A: I’d first go to a couple of showrooms for ideas to spruce up the cabinets or even, perhaps, look at replacements. I realize that times are tough, but sometimes you have to let go.

If you are shopping, look for ads from outlets that offer deals or closeouts on cabinets. People I’ve talked to have found bargains on brand-name cabinets at half their retail price.

Builders may have stocked cabinets for houses they haven’t been able to build and might be willing to sell you some at a discount to get the expense off their books.

Are the boxes and frames in good shape? New doors and hardware may be all you really need. Look at refacing by a professional.

Refacing uses veneer to cover the exposed faces of frames, and new plywood or door panels to cover end panels. New doors, drawer fronts, and moldings are added, as well as new hardware.

The cost of refacing tends to be all over the map, depending on the job, although some consumers have been complaining lately that refacing can cost as much as buying new cabinets. As with any project, the price for a cabinet refacing will be determined, in part, by the quality of materials selected.

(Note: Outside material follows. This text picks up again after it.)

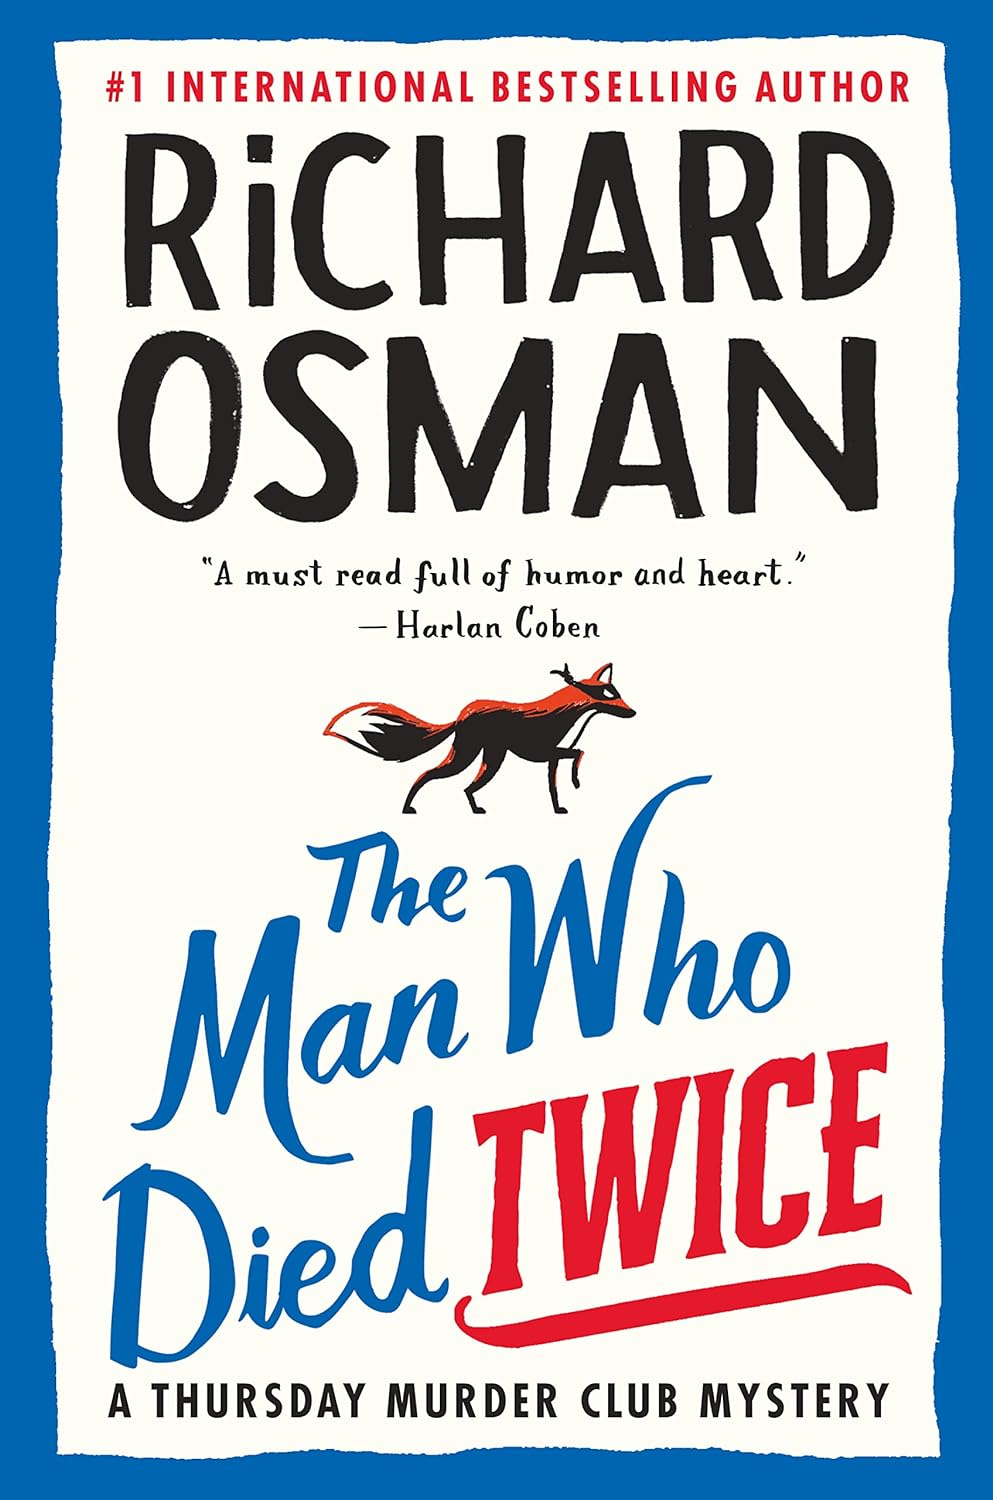 Image for "The Man Who Died Twice: A Thursday Murder Club Mystery"
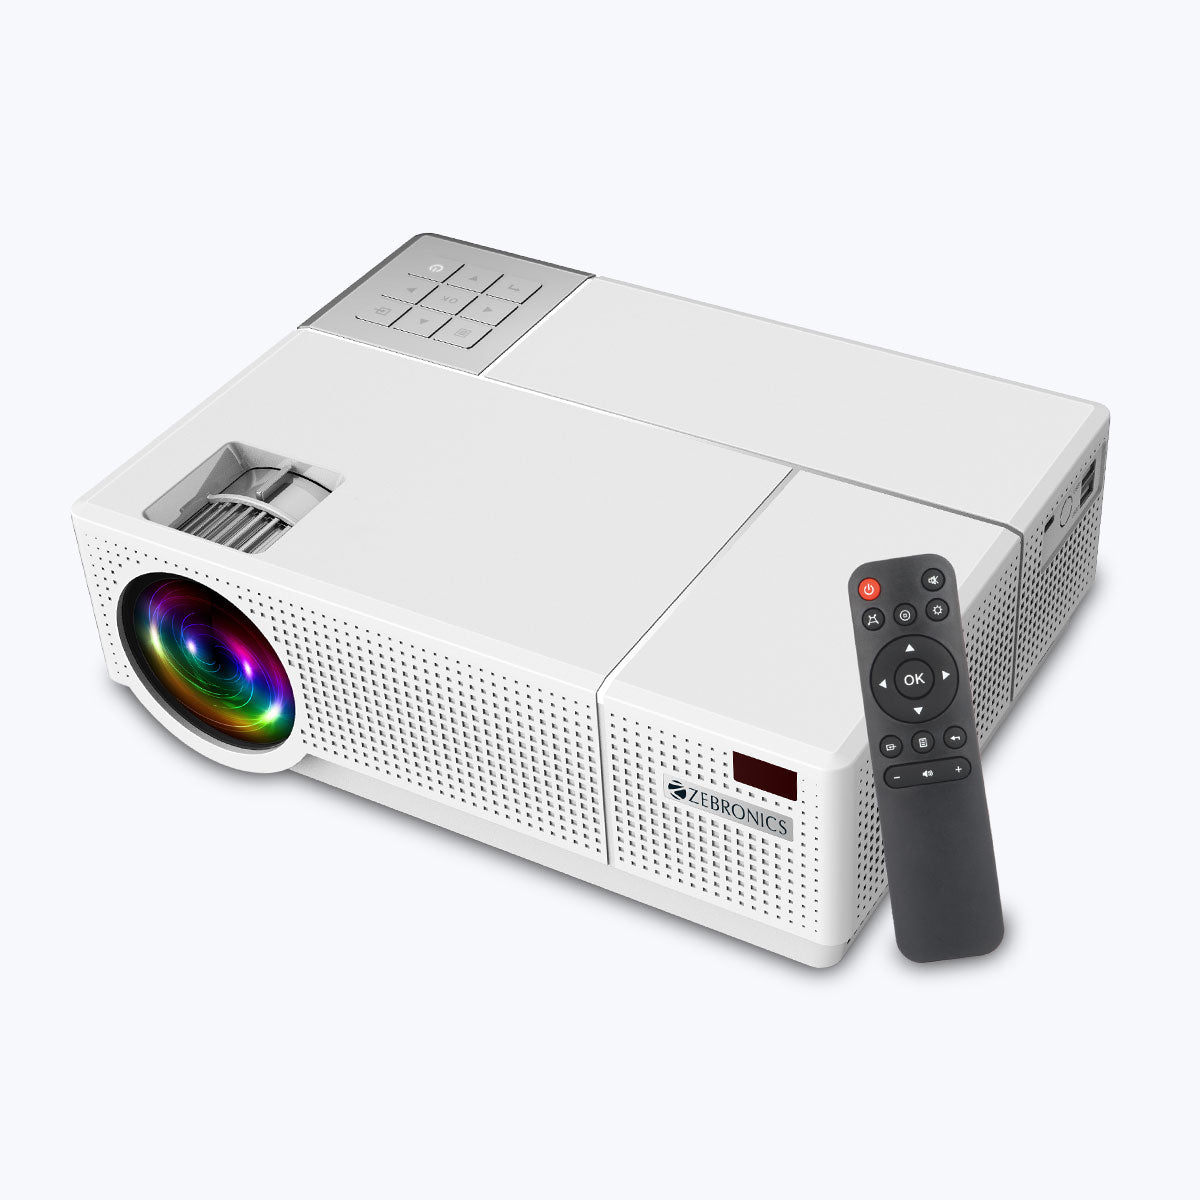 Yaber Y31 TFT LCD Projector Specs

Q: For years, I’ve had trouble with the paint adhering to the plaster walls in my bathroom. I’ve tried acrylic, and that’s not good at all, so I’ve tried to stick with oil-based products, which are getting more difficult to find.

The walls in the bathroom are half tile, half plaster over lath. The ceiling is plaster over diamond mesh. The area beyond the ceiling is attic with some insulation. And, because it’s a bathroom, there is moisture, but there’s also an exhaust fan. It still is moist.

A fresh coat of paint with an oil primer may last six to eight months but then begins to peel. I’ve done this repeatedly, but I’m starting to believe that’s crazy. Maybe a marine paint would be better?

A: I wouldn’t use marine paint in a bathroom. From my own experience, making sure those plaster walls are free of grease, soap scum, and hair-spray residue and using a top-quality paint are the keys to keeping the paint from peeling off bathroom walls—with or without exhaust fans.

The experts I’ve spoken with say high gloss holds up better the closer you are to the source of a lot of moisture, but I’ve never found it to matter much. Speaking of paint, I finally had the opportunity to use a no-VOC (volatile organic compounds) primer and paint in our dining room to accommodate a change in furniture styles.

I’ve never had a problem with VOCs, but a family member is sensitive to the paint odor related to them, so rather than delay the work until the next long business trip, we decided to go with water-based Zinsser’s Bulls Eye Zero primer and Benjamin Moore’s Natura no-VOC brand in New London Burgundy.

I had been wary of the performance of both primer and topcoat, only because I remember that the first generation of low-flow toilets never flushed properly and wasted more water than what they were replacing. Would no-VOC products cover as well as their less environmentally friendly predecessors? Would they live up to their claims to seal tannin and graffiti?

The primer did indeed seal tannin and covered the walls well, especially a bright red under the chair rail. The Natura went on easily, and two coats did the trick. (We used slightly less than a gallon on perhaps 300 square feet.)

Price was a shocker. Zinsser’s Zero cost $24. The Natura was $49 a gallon. But it did the job to my satisfaction.